Nupur Basu’s Velvet Revolution – The Forgotten Pronoun

On an unseasonably rainy Saturday, the mood was bright at the British Council that hosted the screening of Velvet Revolution by Bangalorean journalist and filmmaker, Nupur Basu. The documentary was an interesting look under the hood of several journalists working in, well literally, battle zones. Common to all these intrepid, frontline journalists was that they are all women.

This question that sprang to mind was, “Can you be anything…and a woman?” And this becomes more true for some professions than others. Like journalism. Where women are commonly questioned for being on the field. In situations like that women make the news rather than report it. Velvet Revolution is the story of several such women journalists who report the truth, at any cost.

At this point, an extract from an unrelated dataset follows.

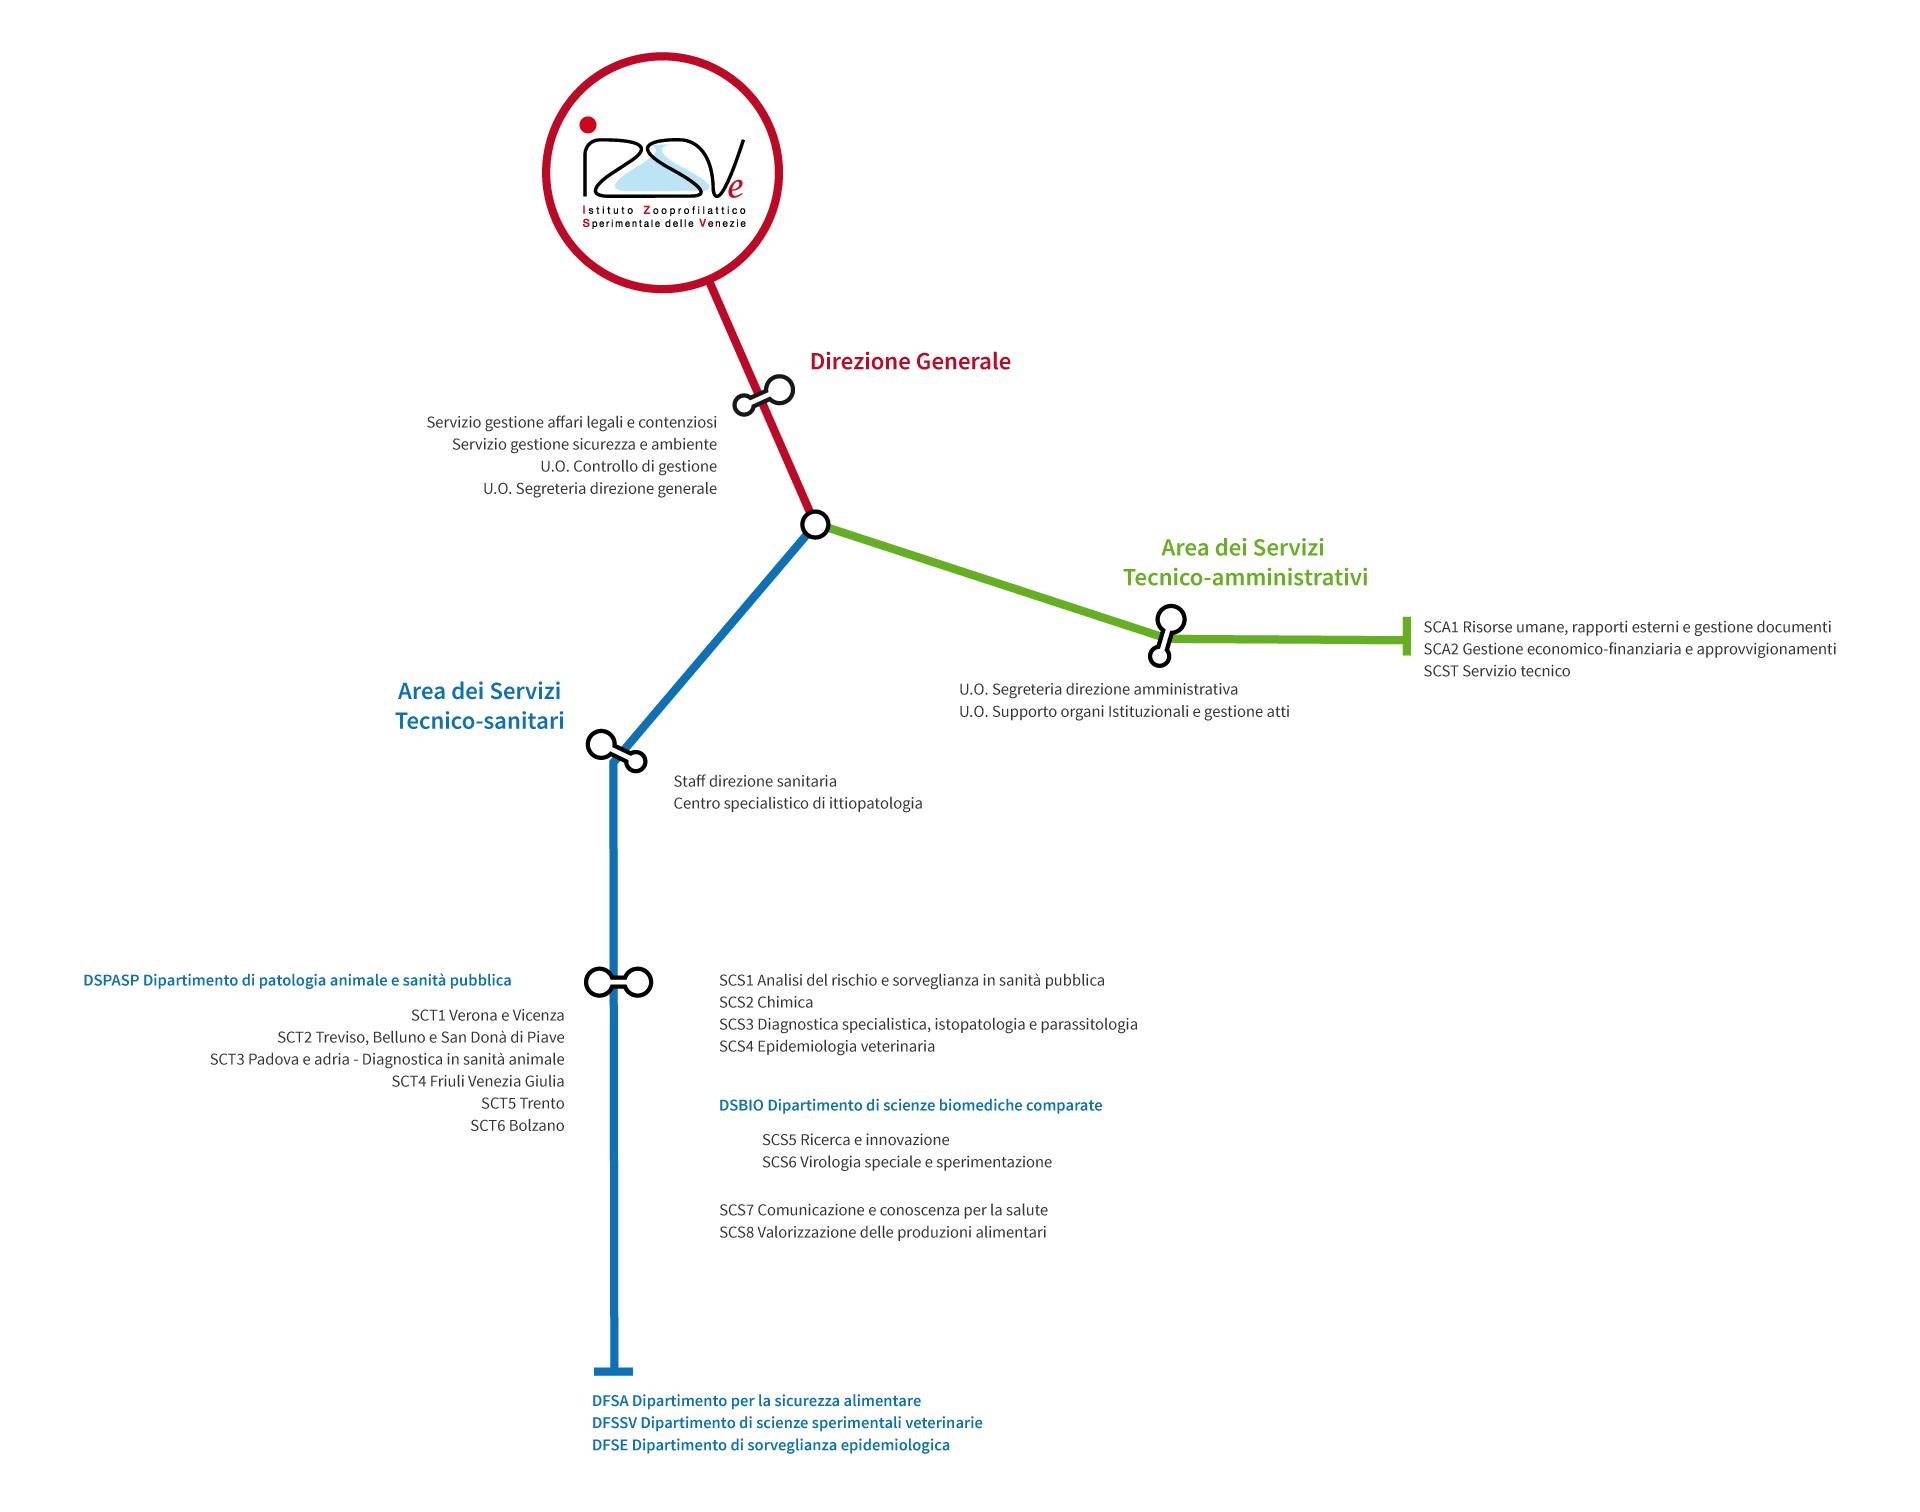 Organigramma IZSVe 2016
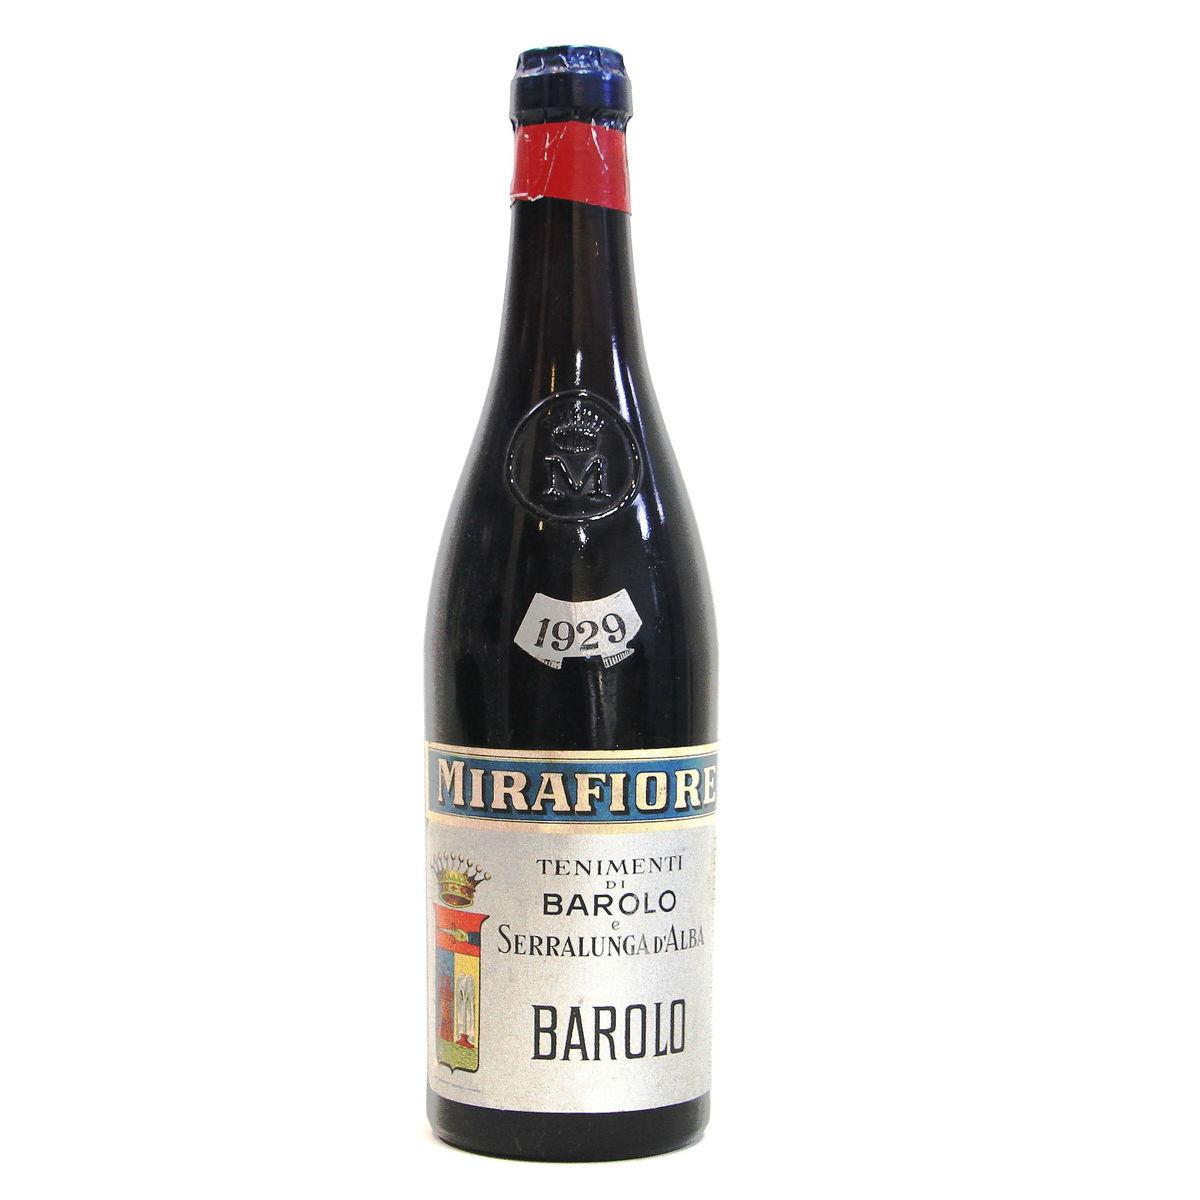 【1929年】バローロ セラルンガ・ダルバ ミラフィオーレ Barolo Seralunga d`Alba Mirafiore イタリア ピエモンテ州 赤ワイン 750ml

A job that any (read, male) journalist would find difficult.

Basu’s documentary has been screened at UNHQ, on UNESCO’s International Day to End Impunity on Cruelty Against Journalists and even won Best Documentary Award at the Kashmir Film Festival. The journalists featured are from Philippines, Syria, Afghanistan, Bangladesh, India and Cameroon — each faced with conflict in her country. Each faced death threats and attacks in line. Some were exiled for doing their job.

Velvet Revolution- Nupur Basu

Nupur Basu

Journalism in these countries is not a profession you choose without considering its inherent strife. It takes the support of a family to report truth.

And therefore, in the telling of each woman’s story, it cannot escape you to notice how positively combative they can be. And femme. The two are not necessarily mutually exclusive.

But being fearless and femme was not their focus. The job needed to get done and someone needed to step up to do it. Someone. Anyone. These women don’t think of themselves as a woman first and anything else next.

Yet this is the question they are constantly faced with. “How can you be a Syrian, a journalist, and a woman?” Zaina Erhaim, a Syrian journalist, was constantly asked.

At the screening, I tried to capture the general feeling of all the women. I thought about how they go about their jobs… what the journalist from Cameroon feels when she receives mail addressed to a “Mr.” – the default honorific.

And “she” is the forgotten pronoun.

And who better to tell the story than Nupur Basu, who is a journalist and a woman and embodies the spirit I look up to – purposeful but with humour.

Her revolution, the Velvet Revolution, she continues to forge ahead with. A revolution, her fellow journalists agree, will become citizen-driven, and large enough that no journalist, even male, will be able to report of without their inclusion.

In the Q&A that followed, inevitably, there were those who use Q&A as platforms for their own declamation. Basu was deft. And one gentleman whose forceful delivery made him seem belligerent and combative, started to ask his question.

“Would he…” he started.

Basu cut him off.

“You mean ‘she’,” she corrected him, “would ‘she’.”


Velvet Revolution was the joint effort of contributing directors Ilang Ilang Quijano (Philippines), Deepika Sharma (India), Eva Brownstein (USA on Bangladesh), Pochi Tamba Nsoh and Sidonie Pongmoni (Cameroon). Nupur Basu, Executive Producer and Project Director of the documentary, did the segments on the journalists from Syria and Afghanistan, the Panama Papers segment and Lyse Doucet. The film was produced by the International Association of Women in Radio and Television (IAWRT), a network of women journalists and filmmakers. The trailer of Velvet Revolution is available to watch right here: We wish Basu would publish the entire documentary online – if the terms of her licence allows her.